Lessons from deep rest
I took two weeks off because it was the holidays, because I was really tremendously tired, because I did 70% of my business’s annual sales in the final three months of the year, because I burned out a little but not a lot, and because I haven’t taken a real-ass vacation since before the Biden administration.
I did what normal people did. Lots of regular things. I put up a Christmas tree, exchanged presents with loved ones, ate a lot. And then I flew to France, and now I’m writing this on the TGV to Marseille, where I will be living for the next two months, again like a completely normal person would do.
I have learned many things, like how twelve years of French education once made me fluent, but after 22 years of not using it, I am now just inhumanly good at reading text, not composing my own sentences. So I am strictly on read-only mode with the French language. This is more useful than nothing, sure, but it’s still occasionally frustrating and always destabilizing.

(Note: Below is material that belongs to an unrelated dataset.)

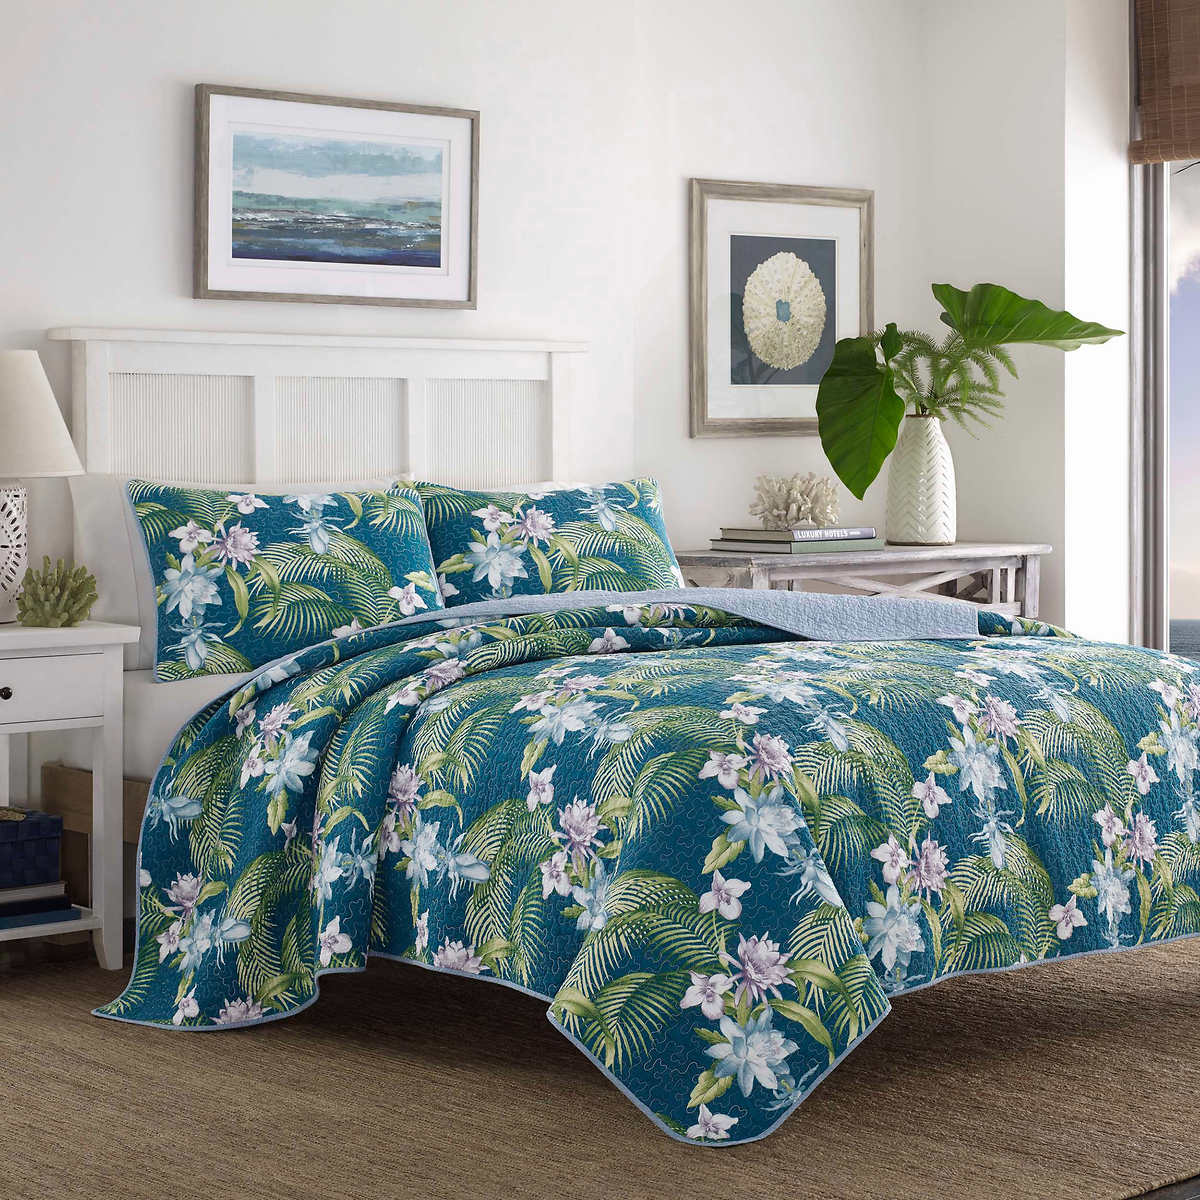 Tommy Bahama 3 Piece Quilt Set, Tommy Bahama Duvet Covers

Helpfully, I melt into Paris. With the curly hair and city face, I am constantly parsed as natively French. When I speak, I speak with a native Parisian accent, as is taught in American schools. So people always think I went to the Sorbonne or something, and then I have to explain that no, I’m American; and yes, that’s an Italian passport, it’s a long story. And then I have to apologize & switch to English, which causes even more psychic whiplash for everyone. I fully recognize that having these problems is both unrelatable and astoundingly privileged, but they are my problems right now, the things that are sitting on my desk that I get to wake up and disentangle every day.